On December 1, 2014, the staff of the Securities and Exchange Commission granted no-action relief to Whole Foods Market regarding its request to omit a shareholder proposal from its proxy materials pursuant to Rule 14a-8(i)(9) under the Securities Exchange Act of 1934. Rule 14a-8(i)(9) states that a company may exclude a shareholder proposal if such proposal directly conflicts with one of the company’s own proposals to be submitted to shareholders at the same meeting.

A shareholder had submitted a proposal calling for Whole Foods to include in its proxy statement a non-binding shareholder resolution requesting that the company’s Board of Directors amend the company’s governing documents to implement proxy access for director nominations. Specifically, the shareholder proposal provided that any shareholder or group of shareholders that collectively holds at least 3% of the company’s common stock continuously for at least three years would have the right to nominate candidates for election to the Board and have such nominees included in the company’s proxy statement. Shareholders nominating candidates pursuant to the provisions outlined in the shareholder proposal would be able to nominate up to 20% of the Board, but in any event no less than two directors.

In its request for no-action relief, Whole Foods notified the SEC that it intended to submit its own proposal to shareholders at its 2015 annual meeting regarding proxy access with respect to director nominations by shareholders. The company proposal provided for an amendment to the company’s bylaws to permit any shareholder (but not a group of shareholders) owning 9% or more of the company’s common stock continuously for at least five years to nominate candidates for election to the Board and to have such nominees included with the Board’s nominees in the company’s proxy statement. Under the Whole Foods proposal, shareholder nominations would be limited to 10% of the Board or one director if the Board consists of fewer than 10 members. Whole Foods argued that it is authorized to omit the shareholder proposal from its proxy statement pursuant to Rule 14a-8(i)(9) because of the conflicting provisions of the two proposals relating to the number of shareholders able to nominate a candidate, the required share ownership percentage and holding period and the number of directors that can be nominated.

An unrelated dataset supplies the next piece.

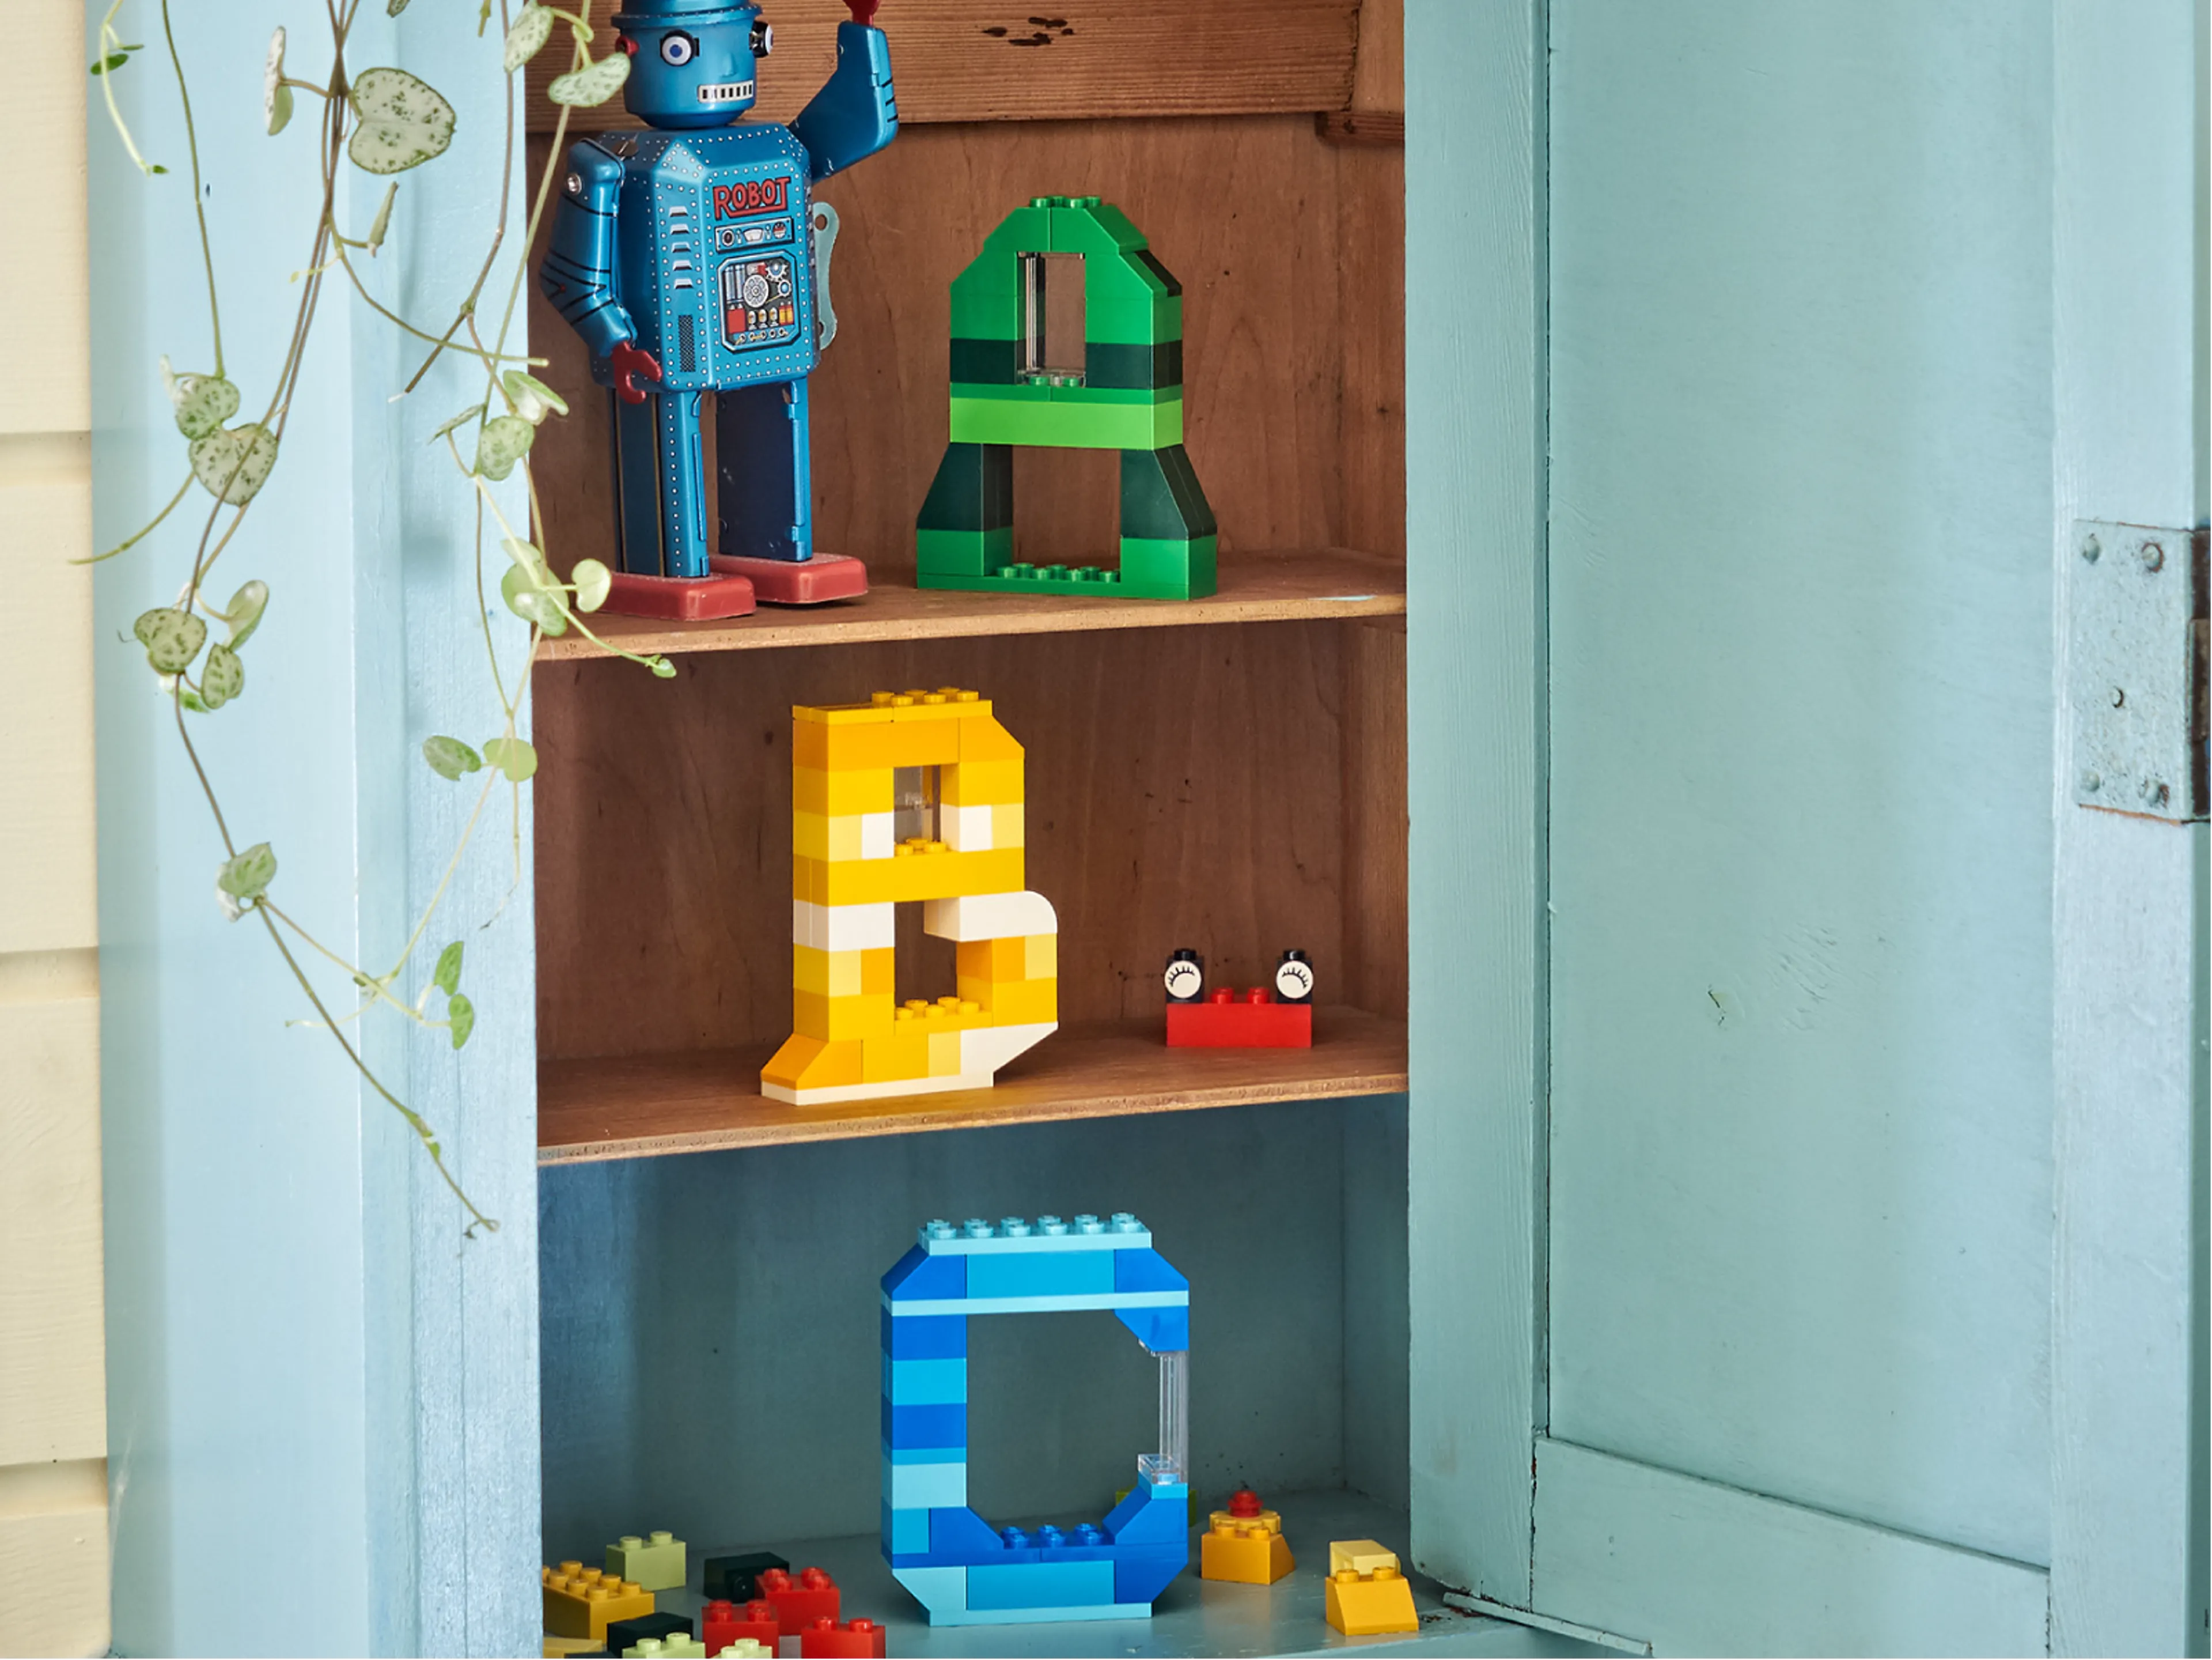 LEGO Bricks spelling A,B,C

The SEC’s response to Whole Foods indicates that the SEC is willing to give some leeway to companies to craft and propose a competing proposal with more stringent terms, which will give companies additional flexibility in determining how to respond to shareholder proposals for both proxy access and other governance proposals. The limits of the SEC’s deference in this regard are not clear. In its letter granting no-action relief, the SEC staff did not comment on whether it would view a more stringent company proposal (e.g., a 20%/ten-year proposal) as a conflicting proposal. While the reaction of shareholders and proxy advisory firms, and their impact on issuers, remains to be seen, the Whole Foods approach provides companies with another method for handling proxy access shareholder proposals this proxy season. Nevertheless, a no-action letter should not be viewed as the final word with respect to a shareholder proposal, as demonstrated by Trinity Wall Street vs. Wal-Mart Stores, where the U.S. District Court for the District of Delaware recently determined that Wal-Mart did not have the authority to exclude a shareholder proposal, even though the SEC had previously granted no-action relief.